# 70-200mm f2.8 II with 2x TC good?



## mreco99 (Oct 8, 2011)

Hi

Any one happy with the results from the 70-200mm f2.8 II with 2x TC at 400mm? on say a 5dmk2
I like the 70-300L but its a fair bit shorter on a FF than im used to on a 1.6 crop

Bear in mind im coming from a 450d and a 70-300mm non L
I know the 70-200 with 2x tc on 5dmk2 wont quite get me the same reach as the 300 on the 450d, but not far off.
Just planning my upgrade path for better IQ

thanks


----------



## neuroanatomist (Oct 9, 2011)

Decent. Not as good as any Canon lens which natively reaches 400mm, but you can get acceptable results.

Here's a shot with the combo on my 7D:




EOS 7D, EF 70-200mm f/2.8L II IS USM + EF 2x II Extender @ 400mm, 1/160 s, f/5.6, ISO 3200


----------



## mreco99 (Oct 9, 2011)

looks good thanks, I should notice better IQ with that upgrade right over my existing? even with using the TC?


----------



## neuroanatomist (Oct 9, 2011)

The 70-200 II + 2x (II or III) will definitely deliver better IQ than the non-L 70-300, on any body.


----------



## pelebel (Oct 11, 2011)

neuroanatomist said:


> The 70-200 II + 2x (II or III) will definitely deliver better IQ than the non-L 70-300, on any body.



Yes, better IQ. Here's a quote from Slrgear.com : "With the Extender attached, sharpness is noticeably reduced. You'll never get tack-sharp results with the 2x II Extender attached: at f/5.6, the lens produced images of only moderate sharpness, with some improvement stopped down. Images at f/8, f/11 and f/16 show essentially the same level of sharpness, good but not great, and then things soften up again as the lens is stopped down to f/32 or smaller. At f/45 and especially f/64, things get pretty fuzzy."

http://www.slrgear.com/reviews/showproduct.php/product/434/cat/62

And their review about the 70-300 : http://www.slrgear.com/reviews/showproduct.php/product/253/cat/11

But you see the sharpness might not be as different, depending on your aperture.


----------



## dr croubie (Oct 12, 2011)

The 70-200 f/4 L IS with 1.4x TC compared to the 70-300L is a very tough call, the 70-300L is only a smidge sharper.
Then take into account 70-200 f/2.8L IS II is a bit sharper than the f/4 (esp on the FF edges).
Then take into account that the 70-300nonL is just squishy at 300mm (hence i sold the one i had and bought the L).
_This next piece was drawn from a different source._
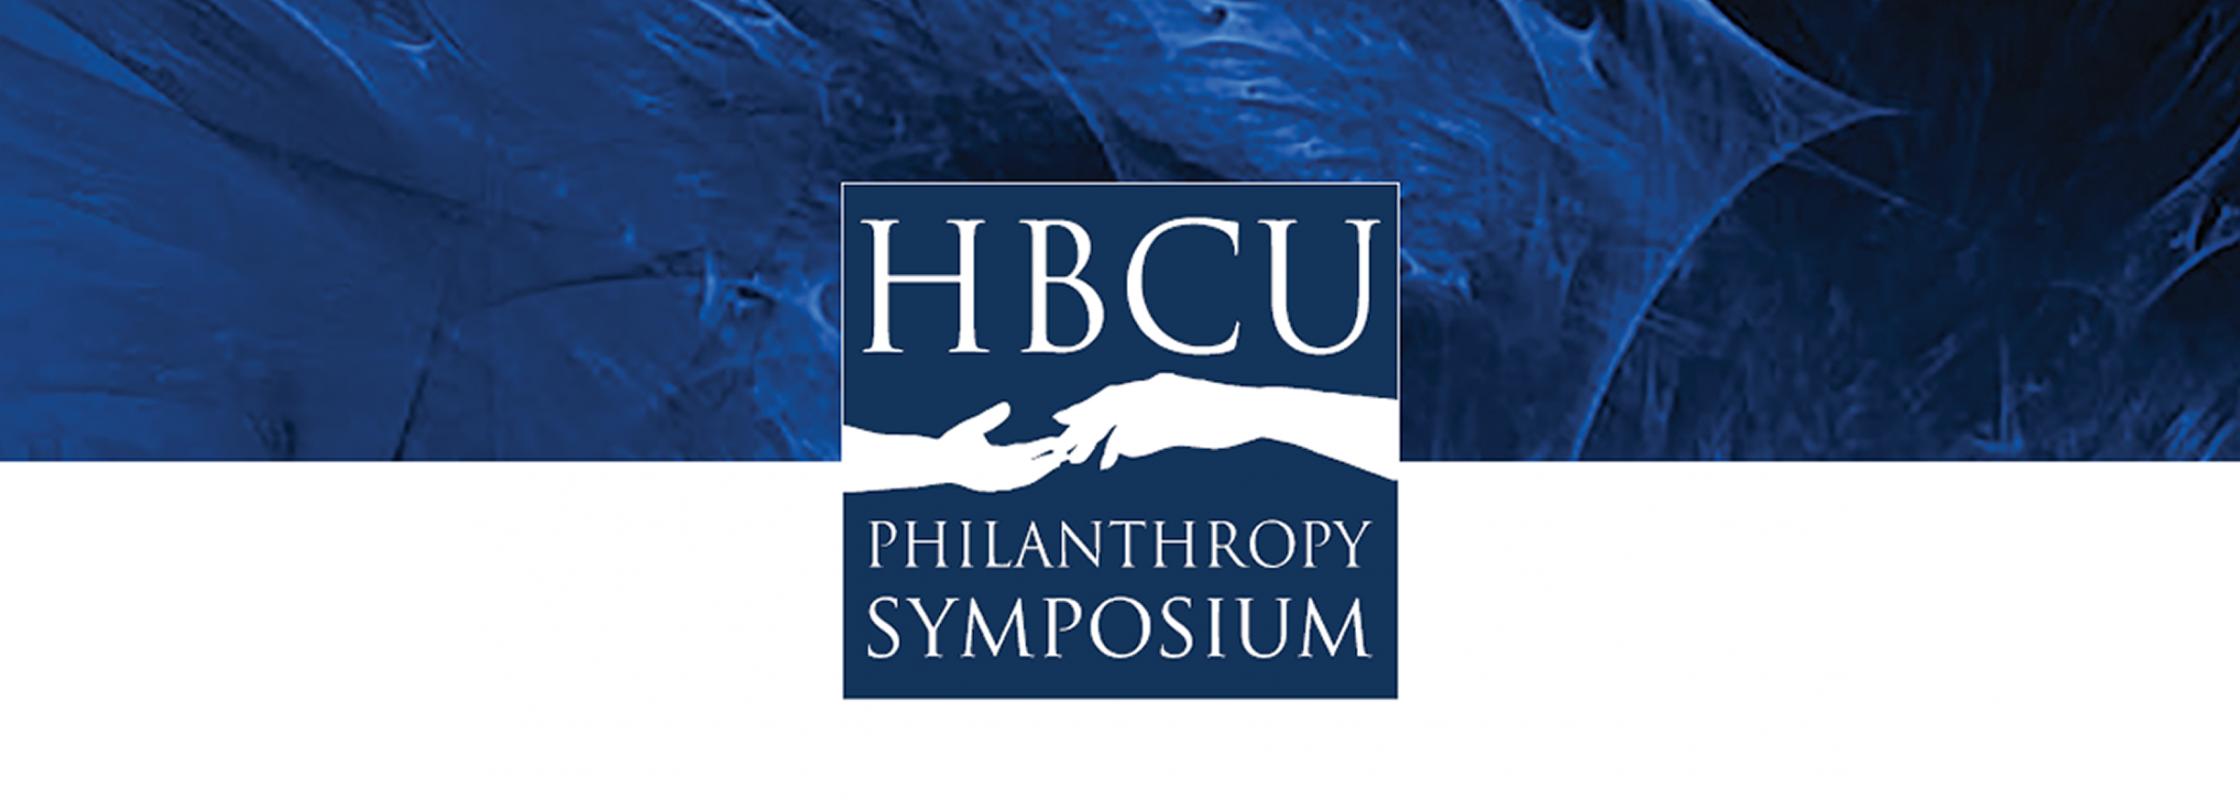 hbcu symposium
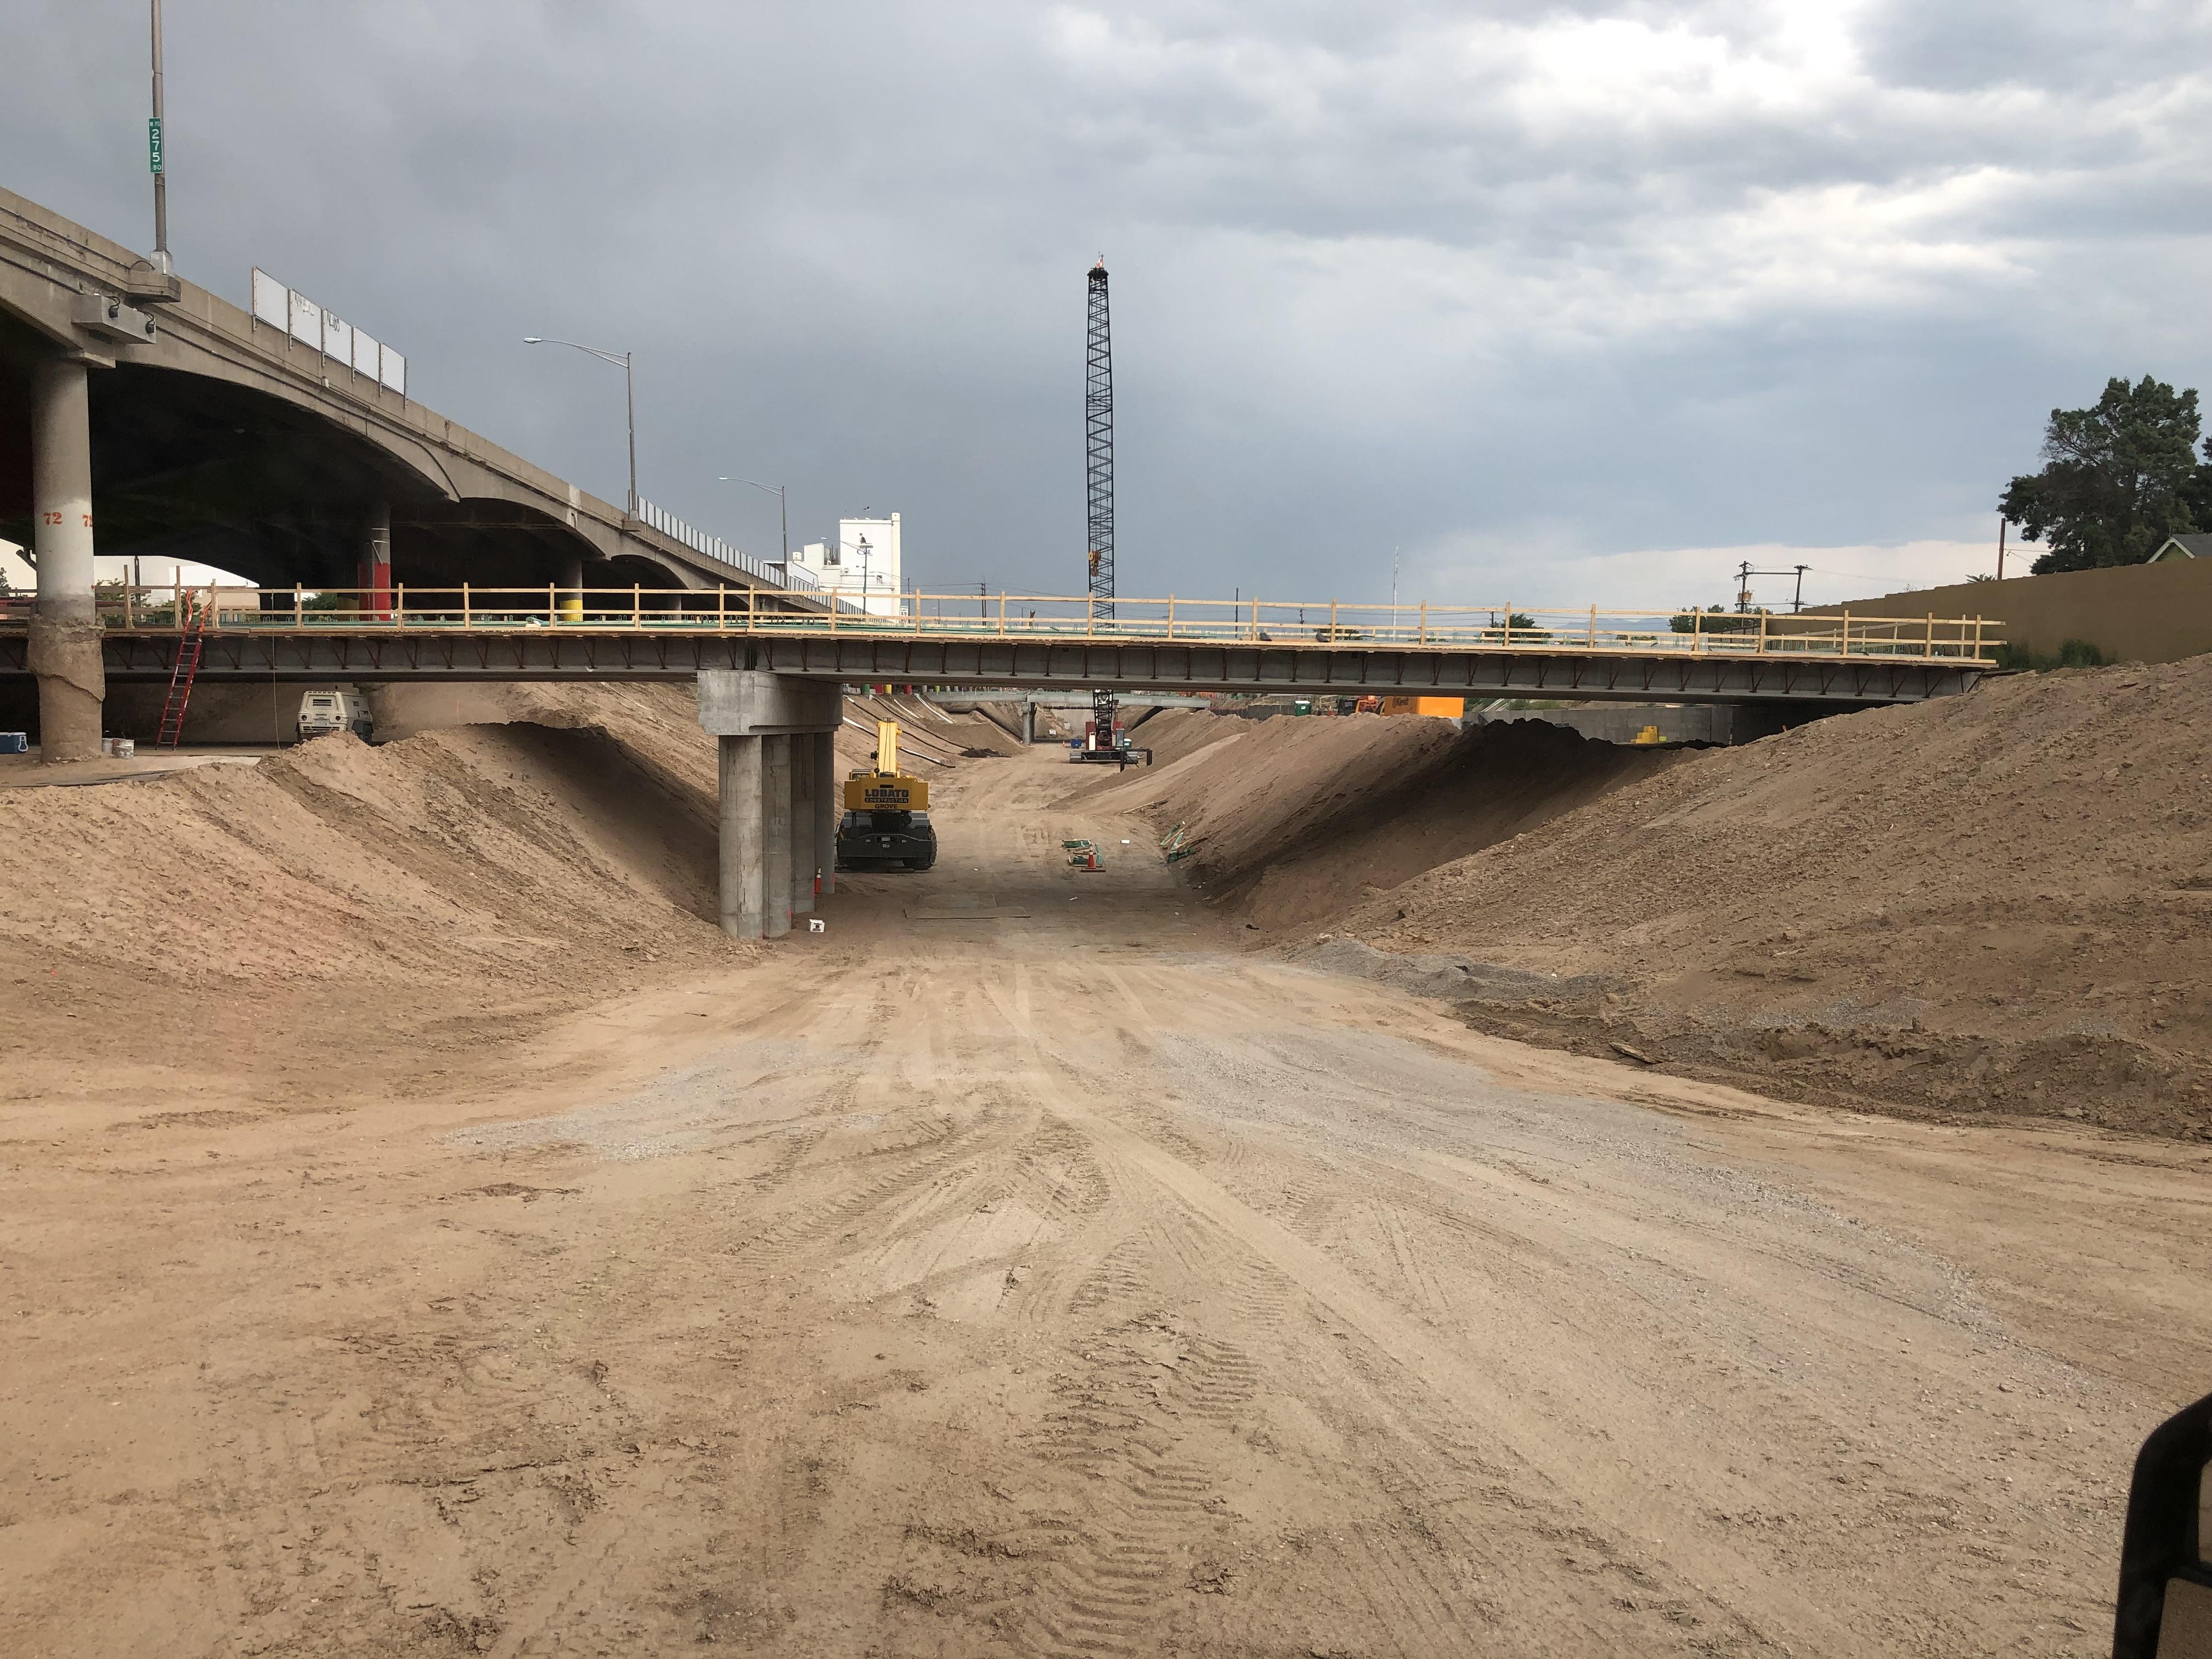 Future Clayton Street bridge detail image

Even the 2x tc instead of the 1.4x tc may make IQ on the 70-200 tc combo a bit worse than the 70-300L, but compared to the 70-300nonL you'll really notice how much sharper it is.
check out a direct comparison here


----------



## neuroanatomist (Oct 12, 2011)

pelebel said:


> neuroanatomist said:
> 
> 
> > The 70-200 II + 2x (II or III) will definitely deliver better IQ than the non-L 70-300, on any body.
> ...



Note that Slrgear was testing the 2x III with the 200mm f/2.8L II (the 70-200 II is sharper than the 200/2.8 prime).


----------



## Mencho(22) (Oct 13, 2011)

I think this is a great combo...

Just take a look of some test shoots:

















A crop






All taken with a 7D


----------



## hokieshu (Oct 13, 2011)

As with any "tool" the answer depends on what you plan to do with the "tool". I would tell you that in my experience with all TCs that I have used (1.4x II, 2x II, 1.4x III) that I have been happy and I have been disappointed. I have been happy when the object that I am shooting is standing still or moving slowly. Image quality is very good with a TC - only moderate impact to my mostly untrained eye - when photographing a deer, a floating duck or goose, a bird sitting on a limb, etc. I've been disappointed in that autofocus impact makes the combination unacceptable for sports photography. There is a marked impact on autofocus performance - even in AI servo mode with a superb lens like a 200mm f/2 IS (my fav by the way). I purchased a 1.4x II to turn my 200mm f/2 into a 280 f/2.8 thinking I might be able to avoid buying a 300mm f/2.8 for sports photography. The autofocus impact lowered my keeper rate considerably. The autofocus impact was too negative so I sold it, purchased a 1.4x III thinking that the IQ advancements would help the issue enough and while the autofocus improved it didn't improve enough so off I go to try to keep my wife from divorcing me for buying another $4000 lens.....


----------